Clinical trials to test ab1 in humans are expected to begin early next year.

Science marches on

Several antibody treatments have recently emerged in the race against COVID-19, including promising monoclonal antibodies. Monoclonal antibodies, such as those identified by Pitt scientists, are laboratory-made proteins designed to fight off certain viruses or other harmful invaders.

In November, the U.S. Food and Drug Administration approved the emergency use of two monoclonal antibody therapies in COVID patients. Bamlanivimab, and a cocktail of the monoclonal antibodies casirivimab and imdevimab, were authorized for patients with mild to moderate cases of the virus. Clinical trials suggested they help prevent infected patients from developing severe cases of the virus that lead to hospitalization.

Monoclonal antibody therapies are generally more expensive and more difficult to make than conventional treatments that rely on antibodies taken from surviving COVID patients whose bodies made them after they were infected. But monoclonal antibodies have several advantages, including speeding up the response to a new virus. Rather than wait for samples from people infected by a virus, researchers can make monoclonal antibodies in the lab once the genetic sequence of the virus is known and jump start the development of treatments.
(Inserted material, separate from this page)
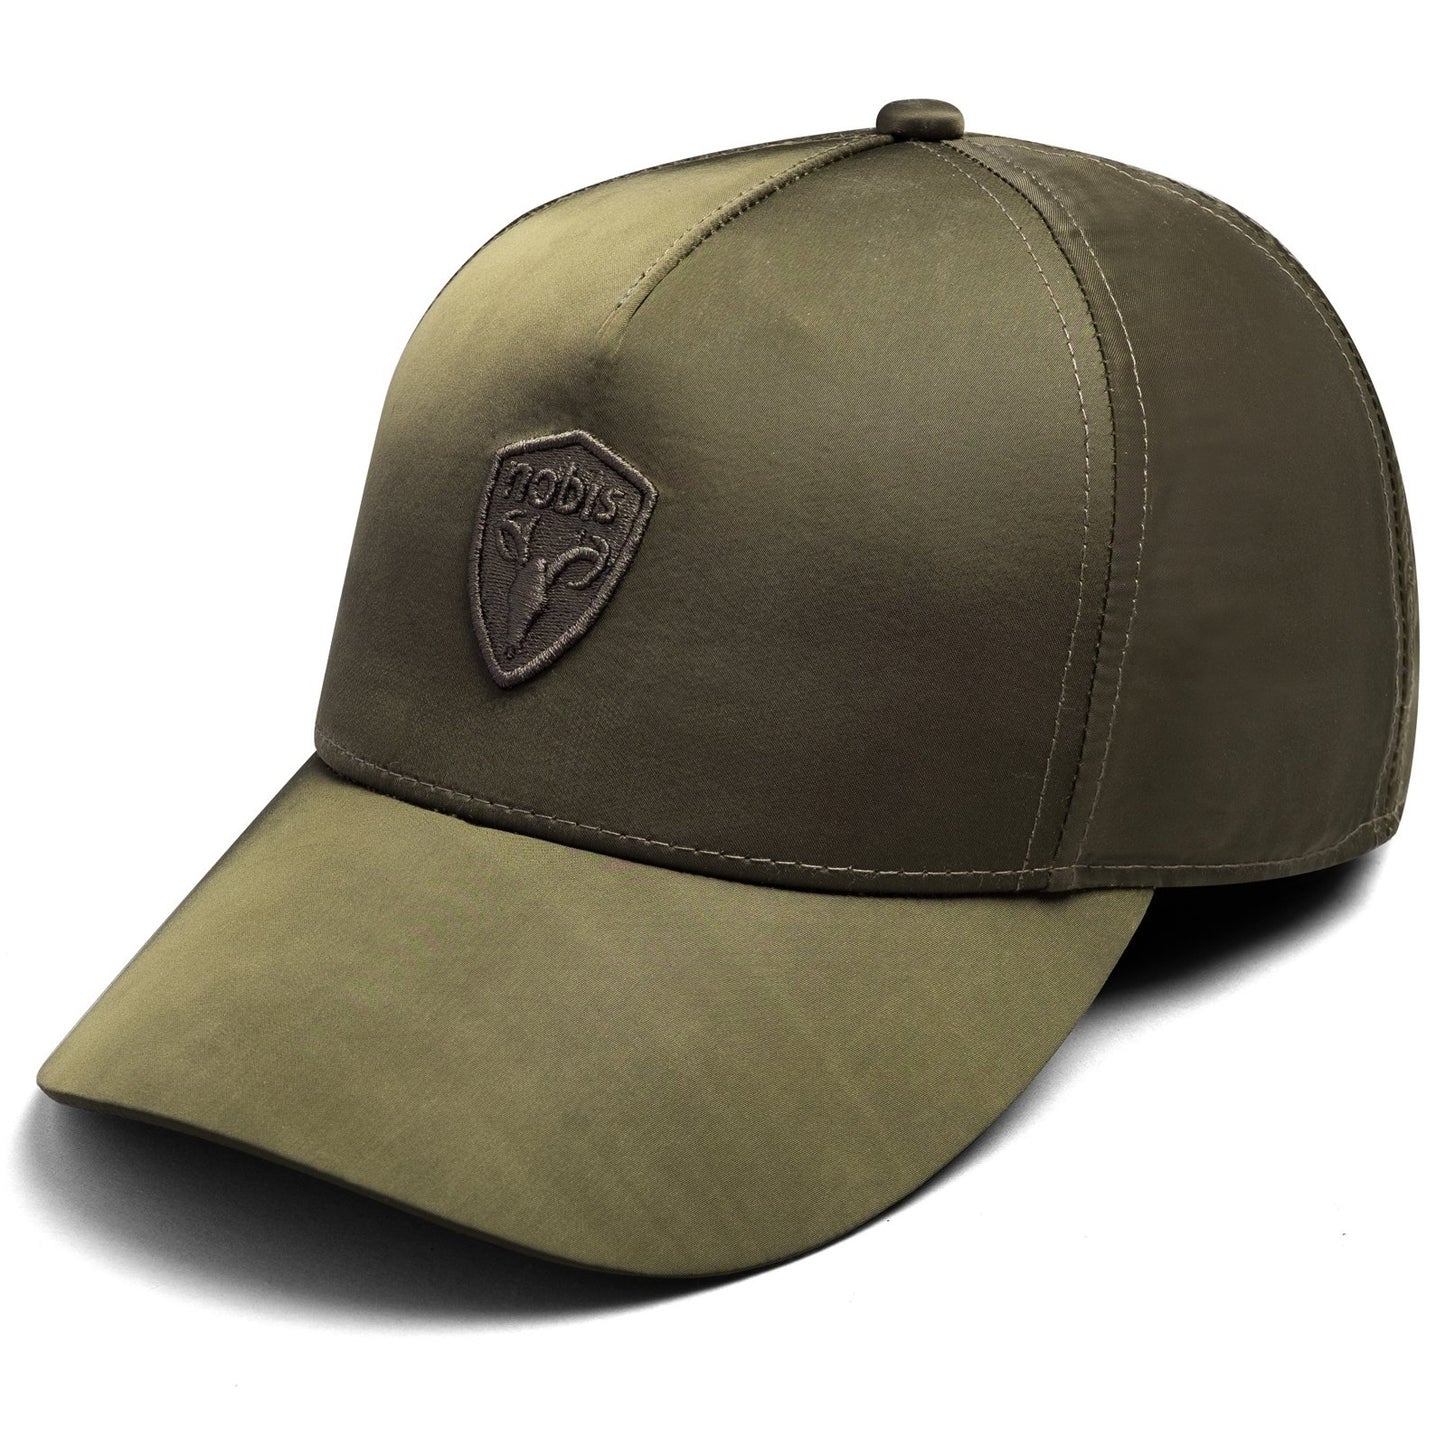 Satine Adjustable Cap in 5-panel construction, mid height crown, curved peak brim, and adjustable strap closure, in Fatigue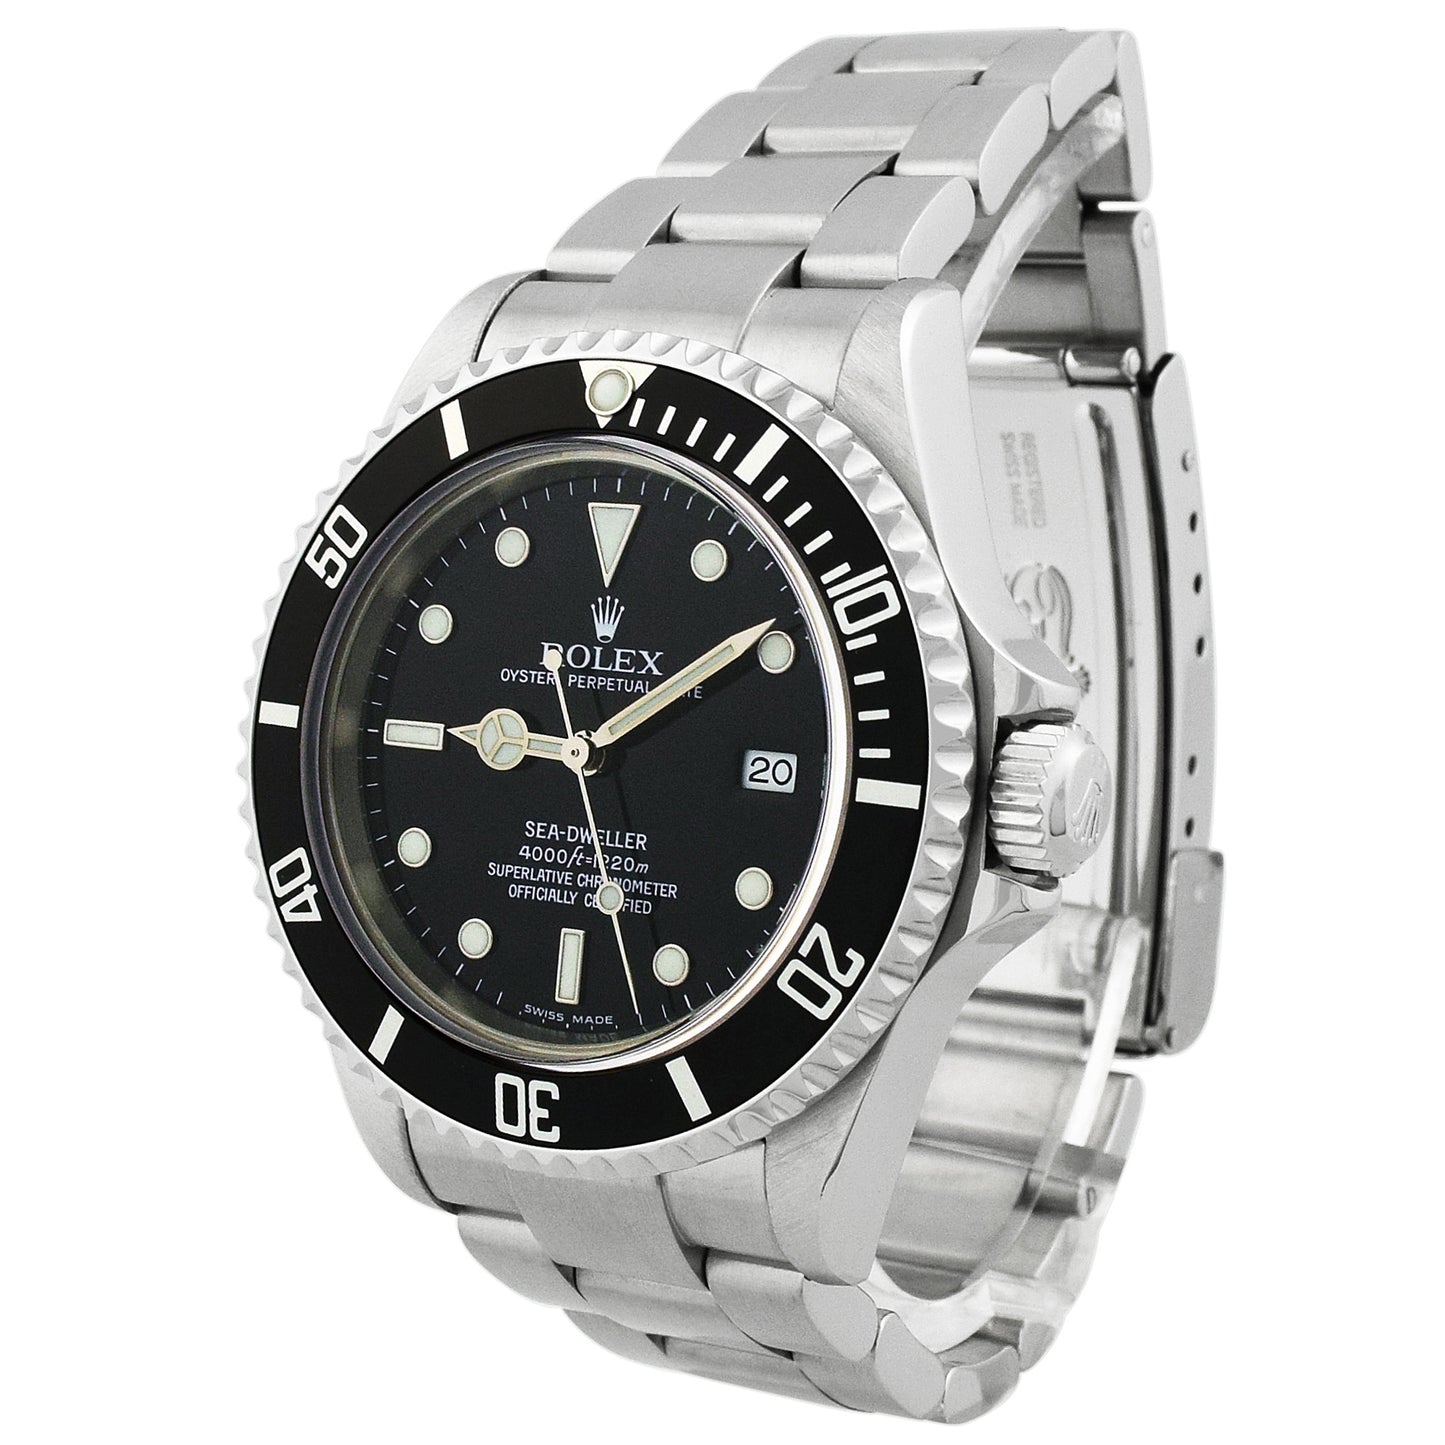 Rolex Sea Dweller 4000 Stainless Steel 40mm Black Dot Dial Watch Reference #: 16600

As important as that development is, the highest-profile scientific achievement of this pandemic year is the astonishingly rapid development of promising vaccines that could prevent people from being infected with COVID-19 altogether.

Anti-viral vaccines typically take years if not decades to reach patients. Until now, the mumps vaccine was the quickest to go from the lab to approved clinical use, and that took four years. But a COVID-19 vaccine developed by Pfizer and German drug maker BioNTech has already been approved for emergency use in the United Kingdom after the company reported that clinical trials suggest it is 95 percent effective at preventing infection, on average. Another company, Moderna, reported similar results for its COVID vaccine.

Both are awaiting FDA approval for use in the United States. Both drug makers said they could begin vaccinating patients by the end of the year. And both of the vaccines use a synthetic form of coronavirus genetic material, mRNA, to program a person’s cells to ward off the virus, a technology never before approved for such use.

Questions remain, including how long the vaccines will protect patients from the virus. But the new vaccine platforms, antibody therapies and remarkably efficient methods of discovering them demonstrate how scientific progress made in the teeth of the COVID-19 pandemic has sharpened the ability of medicine to more quickly respond to dangerous pathogens now and in the future.